Telangana High court judge accuses TS of \'bench hunting\'

The issue arose in relation to the hearing of a petition filed over the use of Srisailam waters by Telangana for power generation

Hyderabad: Justice M.S. Ramachandra Rao of the Telangana High Court on Monday refused to recuse himself from a case relating to Krishna waters and took exception to the demand made by the state government. The issue arose in relation to the hearing of a petition filed by two farmers from Andhra Pradesh over the use of Srisailam waters by the Telangana state for power generation.

The judge said the TS government’s plea for recusal was nothing but an attempt at “bench hunting”.

Justice Rao said, “Advocate General, how could you ask the judge to recuse, without justifying the request? Why do you want me to recuse myself from hearing the petition... what is the reason? This is unreasonable and in poor taste... We don’t expect the Advocate General’s office to make such an unreasonable request. You can’t seek judges’ recusal.”

The division bench of the High Court comprising Justice Rao and Justice Vinod Kumar was dealing with a petition filed by the two farmers challenging Government Order 34 issued by the TS government for use of Krishna water for power generation.

When the writ petition came up before the bench, Additional Advocate-General (AAG) J. Ramachandra Rao appealed to the bench that it should be heard by a bench headed by Chief Justice Hima Kohli as per the roster of sitting arrangements. Justice Rao said the bench would hear the matter during the post-lunch session.

Senior counsel Vedula Venkatramana appearing for the farmers said the plea should be heard by the same bench since the petition involved issues relating to the Andhra Pradesh Reorganisation Act. As per roster, such matters are allocated to this bench, he stressed.

AAG Ramachandra Rao made a mention before the Chief Justice bench to hear the petition, as it was an inter–state water-related issue. The CJ declined the request of the AAG and made it clear that it will be heard by the roster bench.

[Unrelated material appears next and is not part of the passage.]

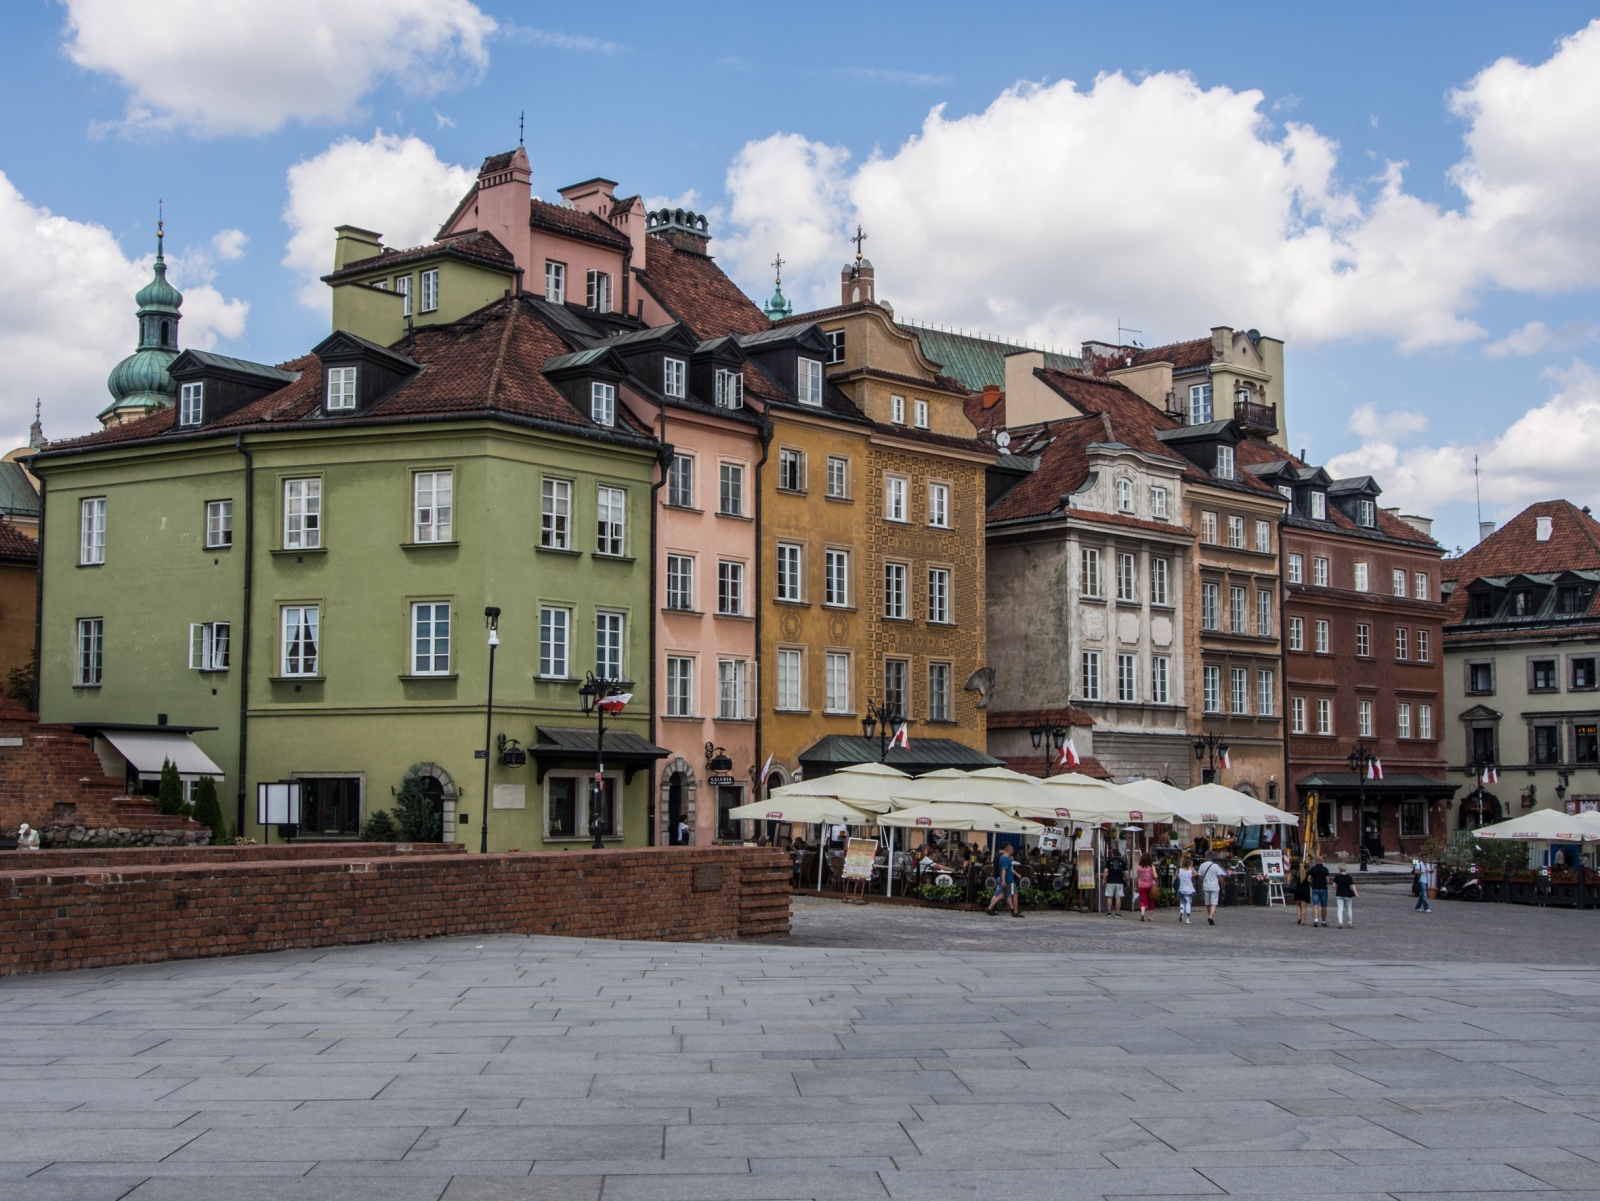 WARSAW - AUGUST 2015

After the lunch break, Justice Ramachandra Rao said the bench had got a clarification from the HC registry that it should hear the matter. Advocate-General B.S. Prasad immediately requested the judge to post it before the bench headed by the CJ.

“When the matter was clarified by the CJ office, how can it be conveyed to them to hear the matter,” the judge asked.

Thereon, the AG made an appeal requesting Justice Rao to recuse himself from hearing the writ petition. This was not agreed on by the judge. Finally, the AG dropped his request and the bench proceeded to hear the matter.

When Vedula Venkataramana, senior counsel appearing for petitioners, tried to explain the issue of water usage, Justice Rao questioned counsel as to how the petition was maintainable. The judge said the Supreme Court had in 2008 decided that the issues related to inter-state water disputes shall not be entertained by any court.

This ruling from the apex court related to the Atmalinga Reddy case that had challenged the awarding of the hydel power project at Rajolibanda Diversion Scheme (RDS) to the relatives of then Chief Minister Y.S. Rajashekar Reddy.

The apex court had made it clear that when the enactment was made by Parliament to deal with sensitive issues like river valley matters, such establishments are the only authority to deal with the issues. “Such disputes cannot be the subject matter of petition either in High Court under Article 226 or in this court under Article 32 of the Constitution,” the apex court had said.

Justice Rao Ramachandra Rao directed senior counsel Venkataramana to go through the SC orders in detail and come back to court on Tuesday.

AAG Ramachandra Rao tried to intervene and read the judgment of the apex court. Justice Ramachandra Rao stopped the AAG and cautioned him that when the Advocate-General was appearing in this matter, no one should try to come in or intervene, and asked the AAG to respect the office of Advocate General.

As the judge was giving information pertaining to the judgment, AAG Ramachandra Rao tried to explain further details of the verdict. At this stage, Justice Ramachandra Rao repeated that it was not correct on the part of AAG to represent in the matter when the AG was already appearing in the hearing.

The bench told all counsels concerned to go through the judgment and come prepared to the court on Tuesday for presenting their contentions.